The Gandiva Expression Compiler#

Gandiva is a runtime expression compiler that uses LLVM to generate efficient native code for compute on Arrow record batches. Gandiva only handles projections and filters; for other transformations, see Compute Functions.

Gandiva was designed to take advantage of the Arrow memory format and modern hardware. From the Arrow memory model, since Arrow arrays have separate buffers for values and validity bitmaps, values and their null status can often be processed independently, allowing for better instruction pipelining. On modern hardware, compiling expressions using LLVM allows the execution to be optimized to the local runtime environment and hardware, including available SIMD instructions. To reduce optimization overhead, many Gandiva functions are pre-compiled into LLVM IR (intermediate representation).
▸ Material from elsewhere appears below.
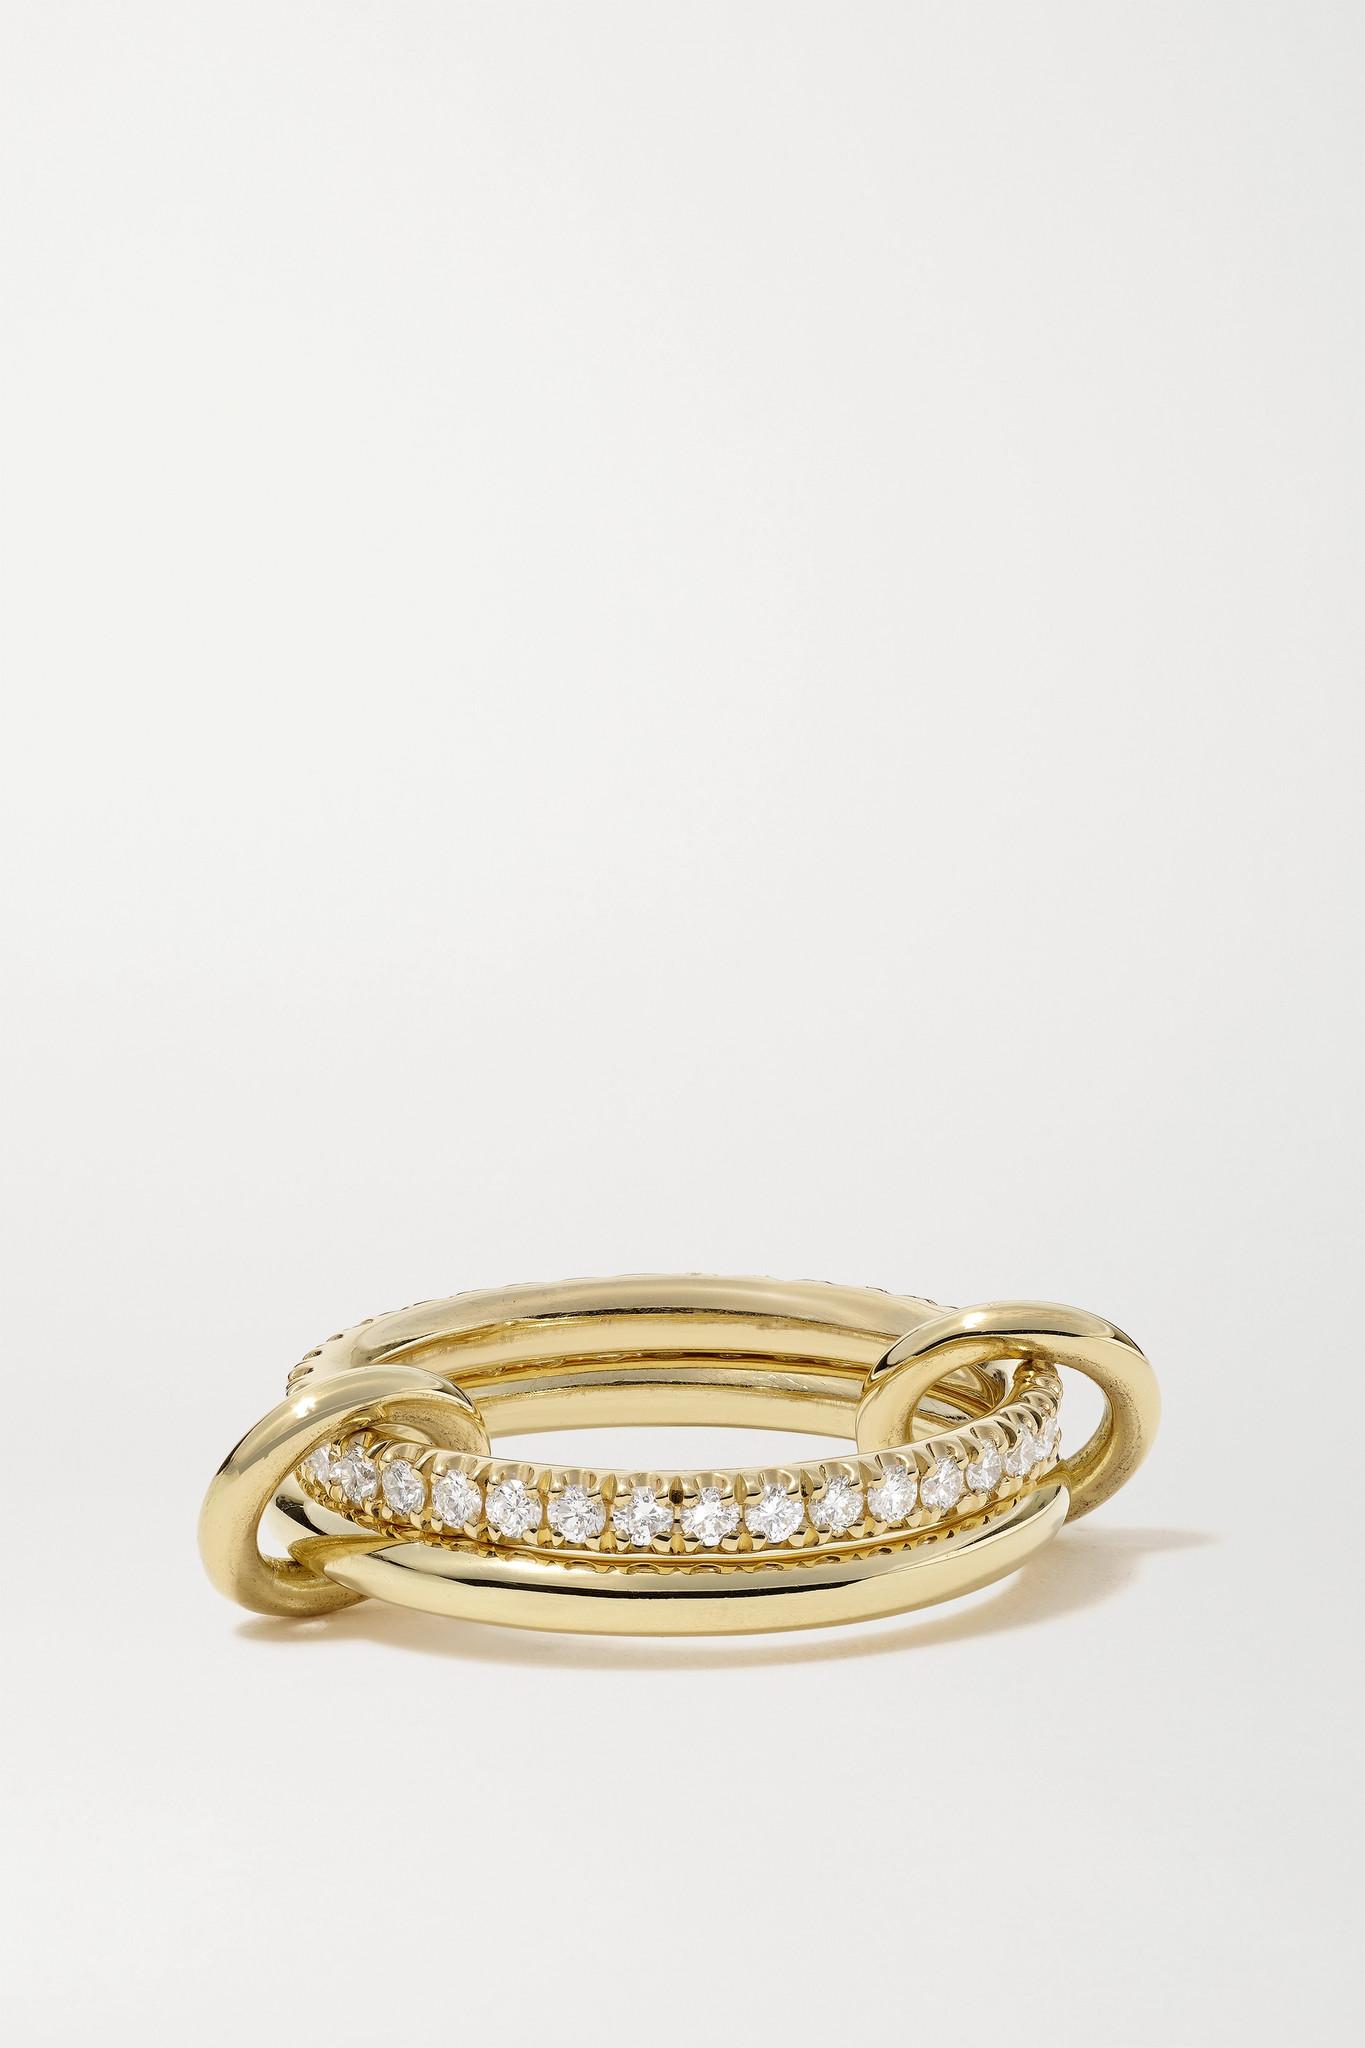 SPINELLI KILCOLLIN - Ceres Deux Set Of Two 18-karat Gold Diamond Rings - 5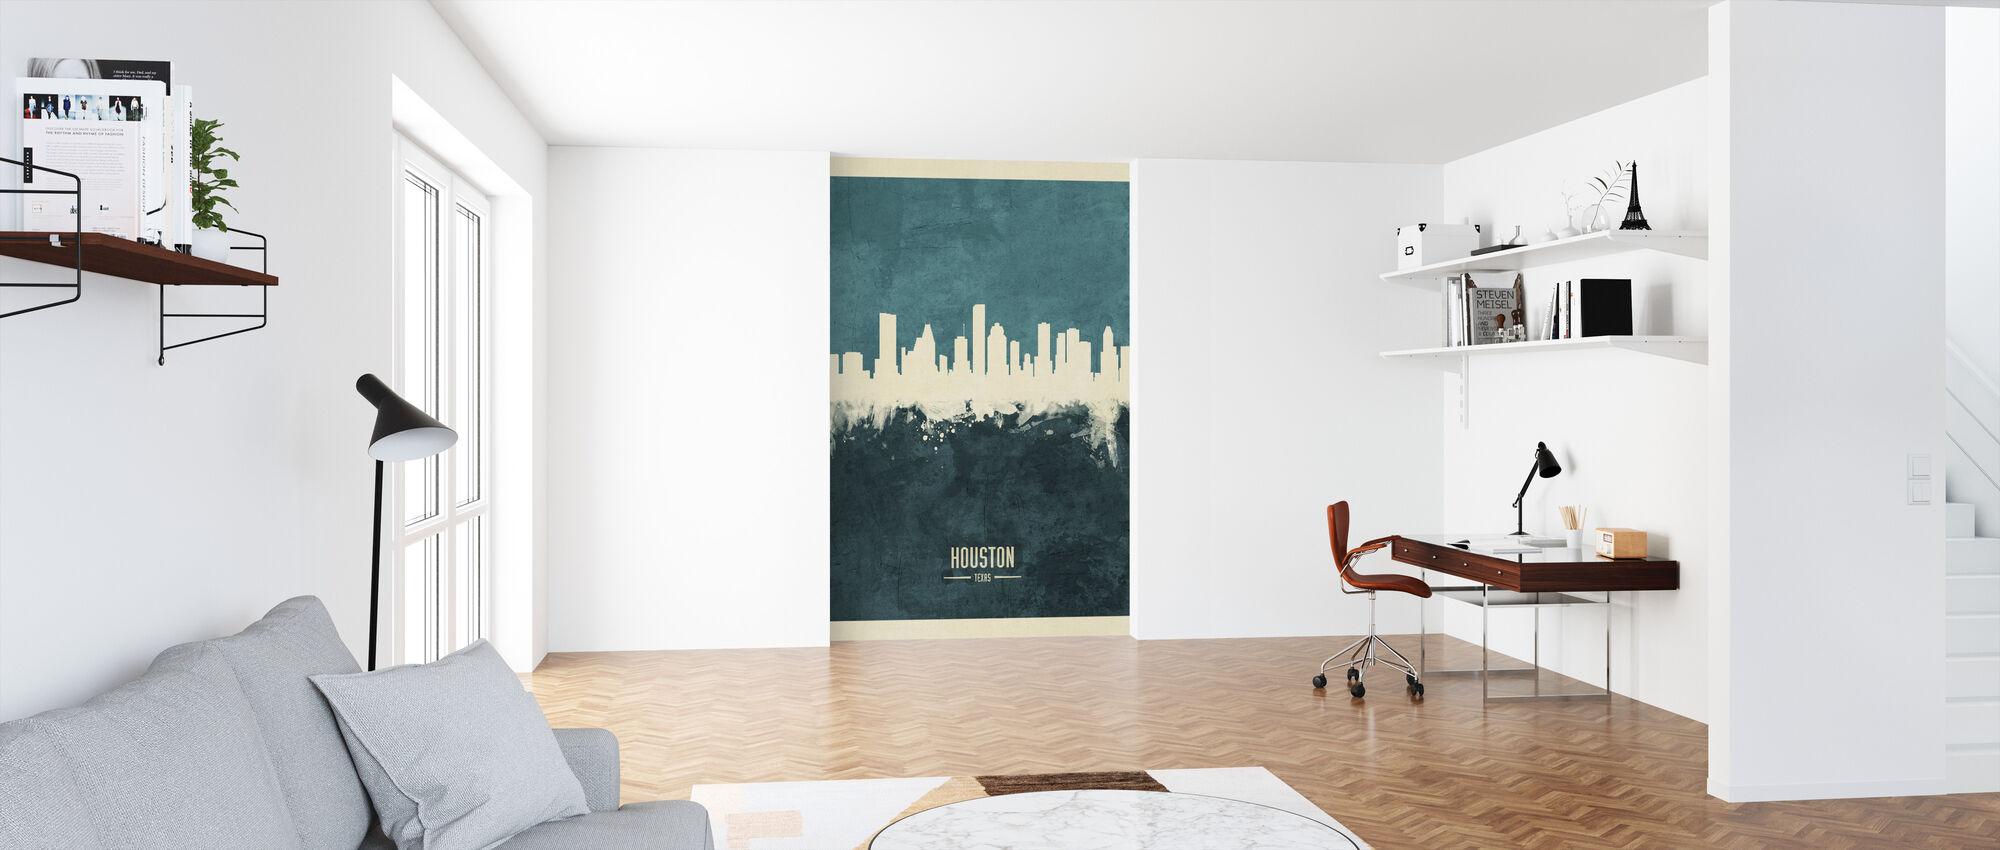 Houston Texas Skyline Blue - Wallpaper - Office

Expression, Projector and Filter#

To effectively utilize Gandiva, you will construct expression trees with TreeExprBuilder, including the creation of function nodes, if-else logic, and boolean expressions. Subsequently, leverage Projector or Filter execution kernels to efficiently evaluate these expressions. See Gandiva Expression, Projector, and Filter for more details.

External Functions Development#

Gandiva offers the capability of integrating external functions, encompassing both C functions and IR functions. This feature broadens the spectrum of functions that can be applied within Gandiva expressions. For developers looking to customize and enhance their computational solutions, Gandiva provides the opportunity to develop and register their own external functions, thus allowing for a more tailored and flexible use of the Gandiva environment. See Gandiva External Functions Development Guide for more details.